According to the Medical Protection Society (MPS) who analysed the data, uncollected scripts accounted for 53% of prescribing risks. 

Julie Price, clinical risk manager at MPS, said: “We found that a number of practices did not have a robust system in place to alert the prescribing doctor to uncollected prescriptions. 

“Clinicians should be able to review uncollected scripts to check whether any further actions is needed as a consequence of non-compliance, this is particularly important when dealing with vulnerable patients.”

MPS advises practices to consider making a note on patients’ records when they have not collected their prescription. This would alert the doctor to possible non-compliance and highlight to patients that a control mechanism is in place.

Half of practices, 50% had poor repeat prescribing protocols. According to the MPS, the Care Quality Commission will be looking to see whether a practice has suitable arrangements. 

Price said: “It is important that practices draw up a comprehensive and robust repeat prescribing protocol that formalises prescribing systems, ensuring that all staff are trained in the procedure and have access to the protocol.”

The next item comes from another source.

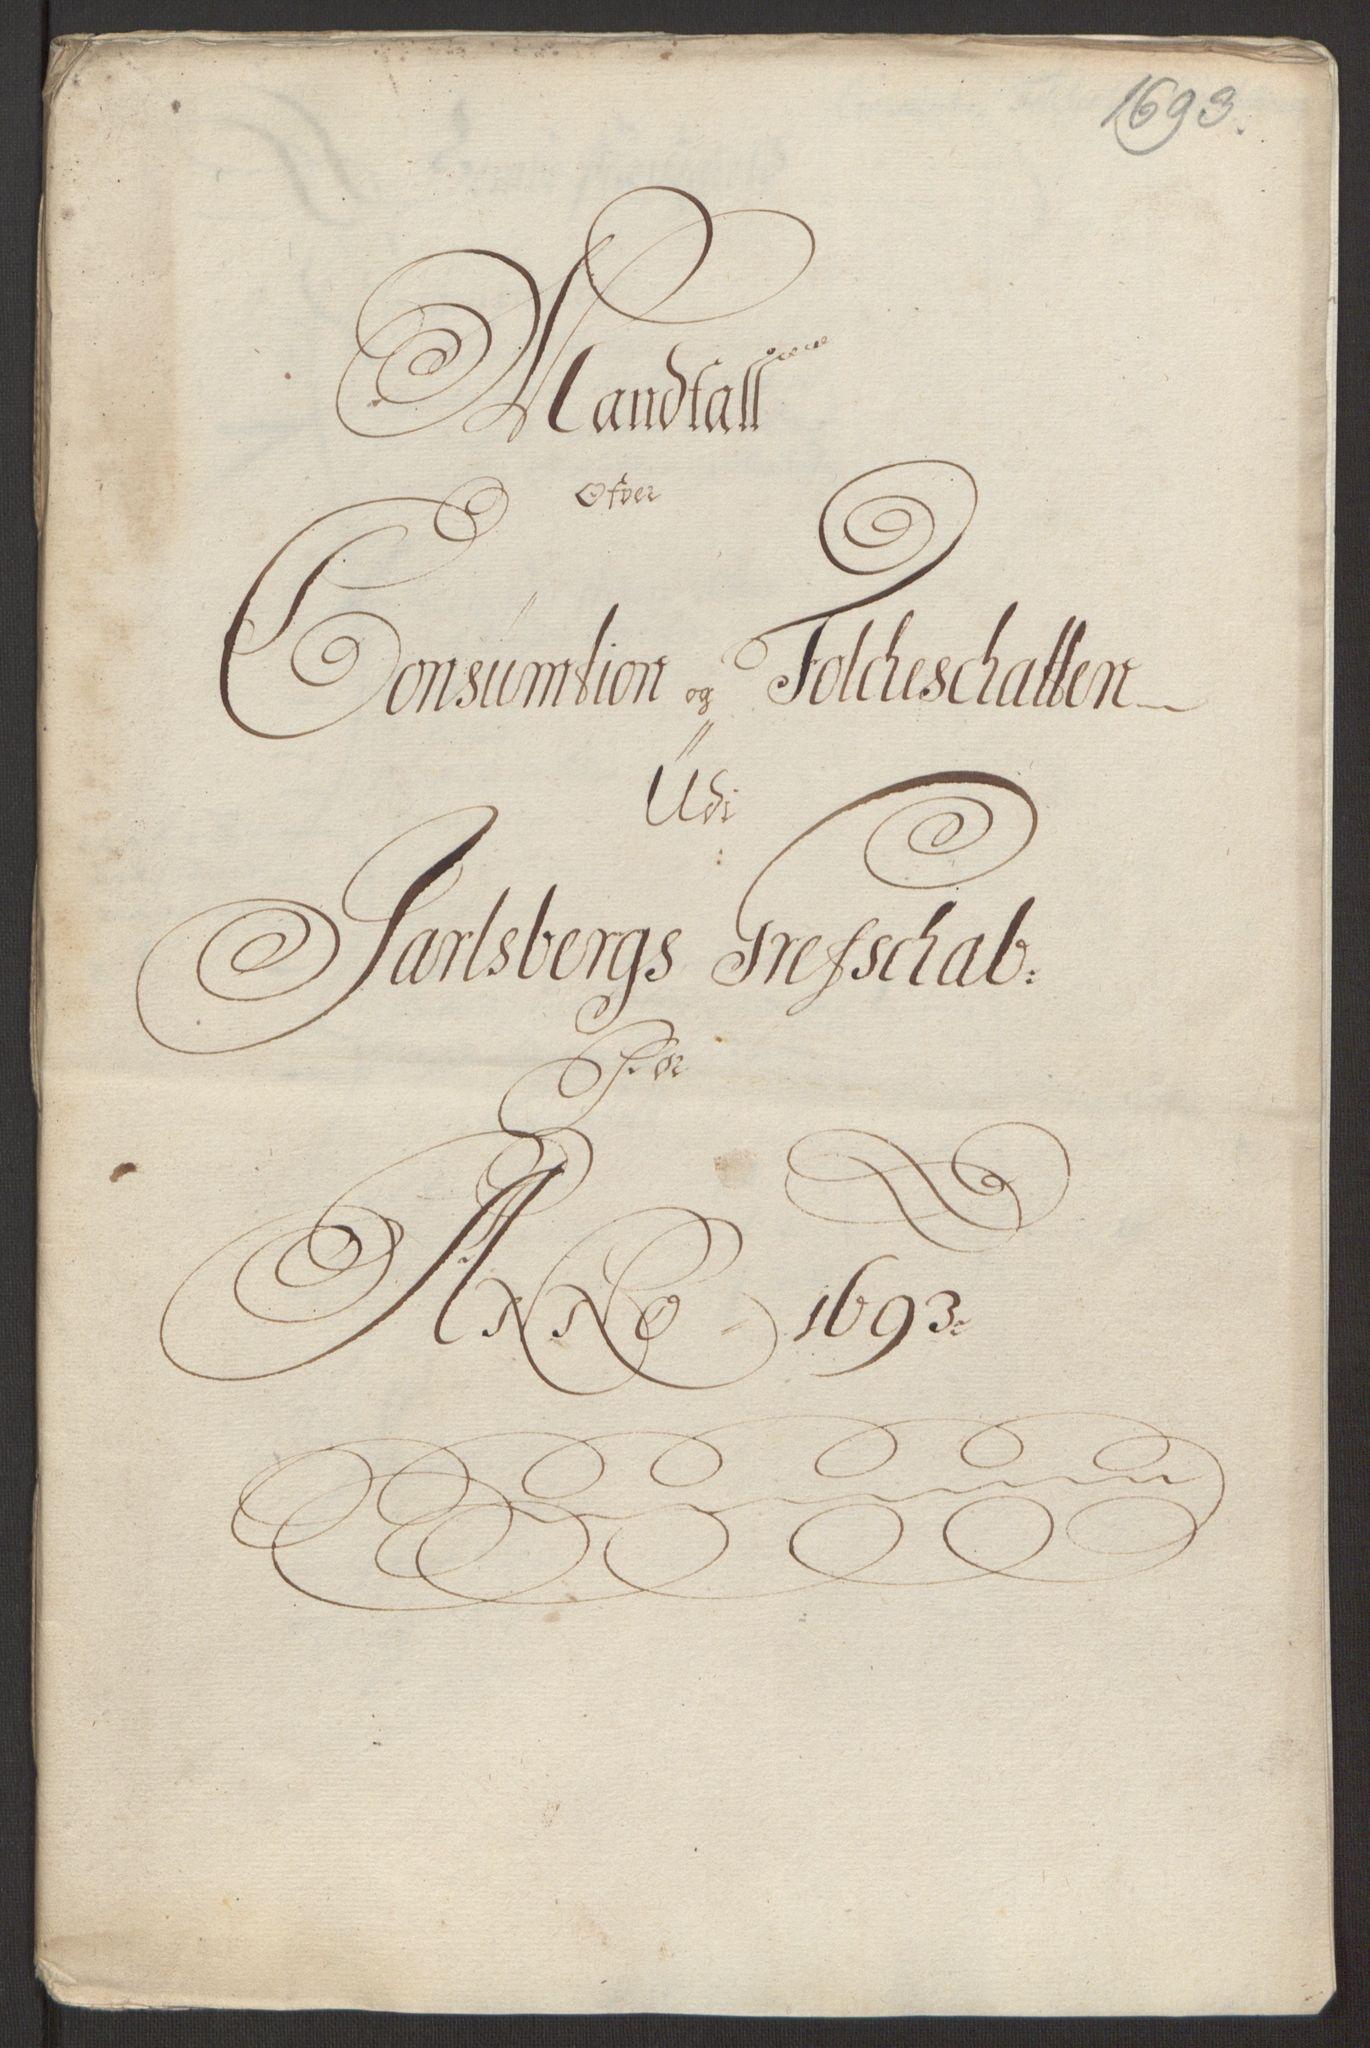 RA, Rentekammeret inntil 1814, Reviderte regnskaper, Fogderegnskap, R32/L1866: Fogderegnskap Jarlsberg grevskap, 1693, s. 219

MPS noted in a small number of practices doctors ask administrative staff to make changes to the repeat prescription screen after hospital discharges. This is risky practice which can lead to errors.

“To avoid errors, ideally the responsible doctor should add the medication to the prescription list. If administrative staff need to change or add medications, it must be closely checked by the doctor afterwards,” Price said. 

“Considerable care needs to be taken to ensure that all the details are correct and that it has been added to the correct patient record. Ultimately the doctor has responsibility for the prescriptions they sign.”

Other prescribing risks identified were around anticoagulant management (33%), prescription errors (29%) and administration staff changing medications on the computer (27%).